Cai’s style is probably best experienced through his Yibin spicy dry noodles, a bowl in which ground beef and pork are combined with chewy wheat noodles sporting the thinnest sheen of chili oil. The spicy anesthesia of the ma-la oil is present and accounted for, but it occupies a sort of middle ground, surrounded by sesame paste and housemade soy sauce, their nutty and umami qualities treated as equals in this terrific dish.
The chef uses many of the same flavors in the Chongqing noodles but adjusts the ratios to give the chili oil more room to roam, perfect for those who seek heat even in the dog days of summer. The beauty of Cai’s noodle menu, though, is its diversity: the barnyard funk of the flounder with sour pickled cabbage, the five spice undercurrent of the hot and sour foon, and the supreme sesame-seed nuttiness of the Yu village cool noodles, a dish served exquisitely cold.
Despite its devotion to Chongqing, Yu Noodles does have a wandering eye, as evidenced by Cai’s small line of soup dumplings, with their roots in Shanghai cuisine. The chef injects a little Sichuan into his peppercorn spicy soup dumplings, whose salmon-colored skins are courtesy of carrot juice in the dough. Once you pierce the membrane of the dumpling, its heat is slow to arrive, but once it does, it will cling to you, like humidity.
Cai offers robust snack and appetizer menus. I have yet to encounter a dish on either that I wouldn’t order again, and again. First among equals are the pan-fried chive and pork dumplings, their perfume leaning, without apology, to the onion side of the spectrum. But I also marveled at the siu mai, that dim sum staple stuffed not with pork and shrimp, but with chewy glutinous rice. And if I’ve had a better scallion pancake, a crisped and layered thing, I can’t remember when.
If you’re not in the mood for noodles, I’d suggest the chicken leg over rice, a dish with a somewhat misleading description. The dark meat — marinated in oyster sauce, soy and black pepper before roasting — is deboned and layered atop the rice with a poached egg. The dish cries out for acid, which you quickly discover is already provided, with some lightly pickled vegetables buried in the grains.

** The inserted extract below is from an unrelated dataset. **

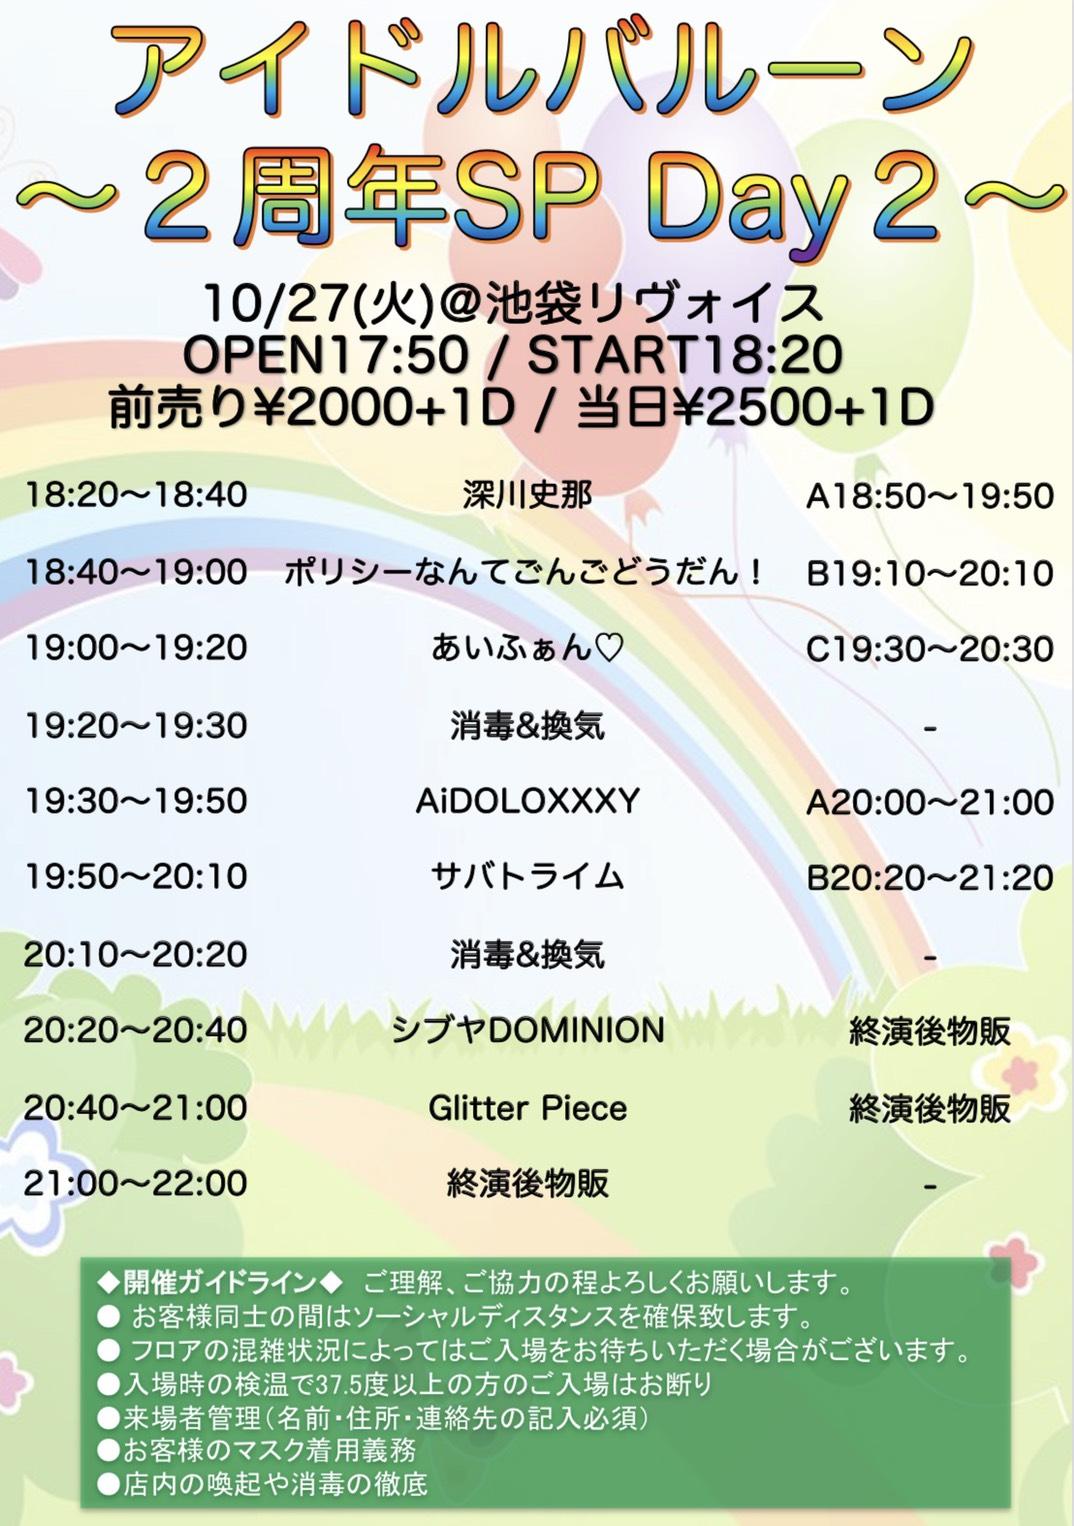 アイドルバルーン ~2周年SP Day2~
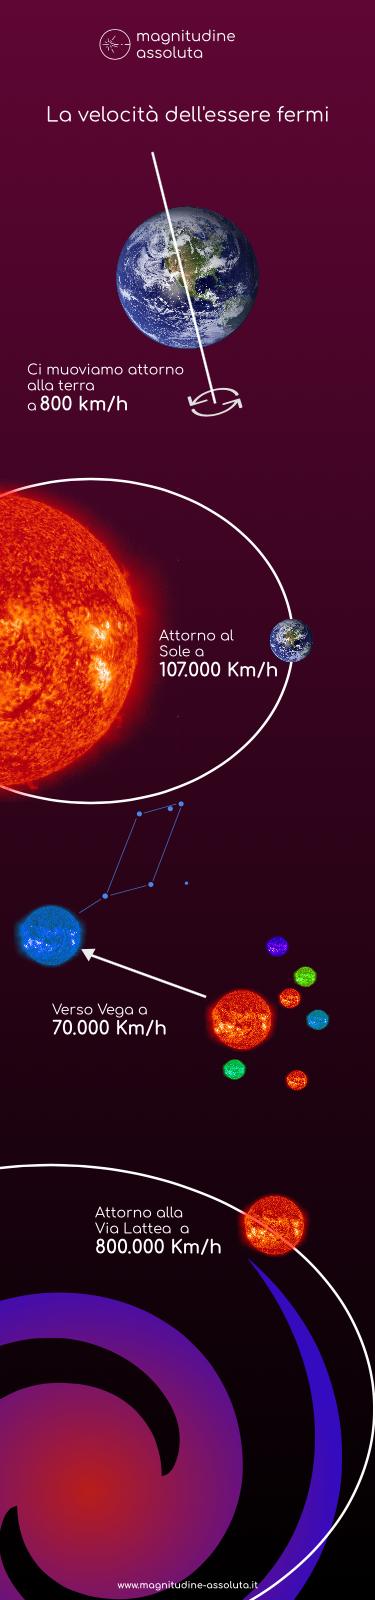 Illustrazione realizzata da magnitudine-assoluta.it che mostra la Velocità della Terra attraverso il sistema solare e la Via Lattea

The only dish I can’t recommend is the potato tower, a spiralized spud fried and served on a skewer. The second time I tried to order one — to confirm that it was as bland as the first — the server tried to stop me. He said I wouldn’t like it. He called it children’s food. I later asked Qiu about this. His response surprised me.
“Even children don’t like it,” he said.
An owner honest enough to diss his own food. Talk about having my mind blown.
368 Elden St., Herndon, Va., 703-480-0326, yunoodlesherndon.com. 11217-C Lee Hwy., Fairfax, Va., 703-877-0818, yunoodlefairfax.com. 9 Dawson Ave., Rockville, Md., 301-978-7693, yunoodlesrockville.com.
Hours: 11 a.m. to 8:30 p.m. daily for all three locations.
Nearest Metro: Only the Maryland location has a nearby Metro, the Rockville station, located about a half mile from the restaurant.
Prices: $2 to $13 for all items on the menu.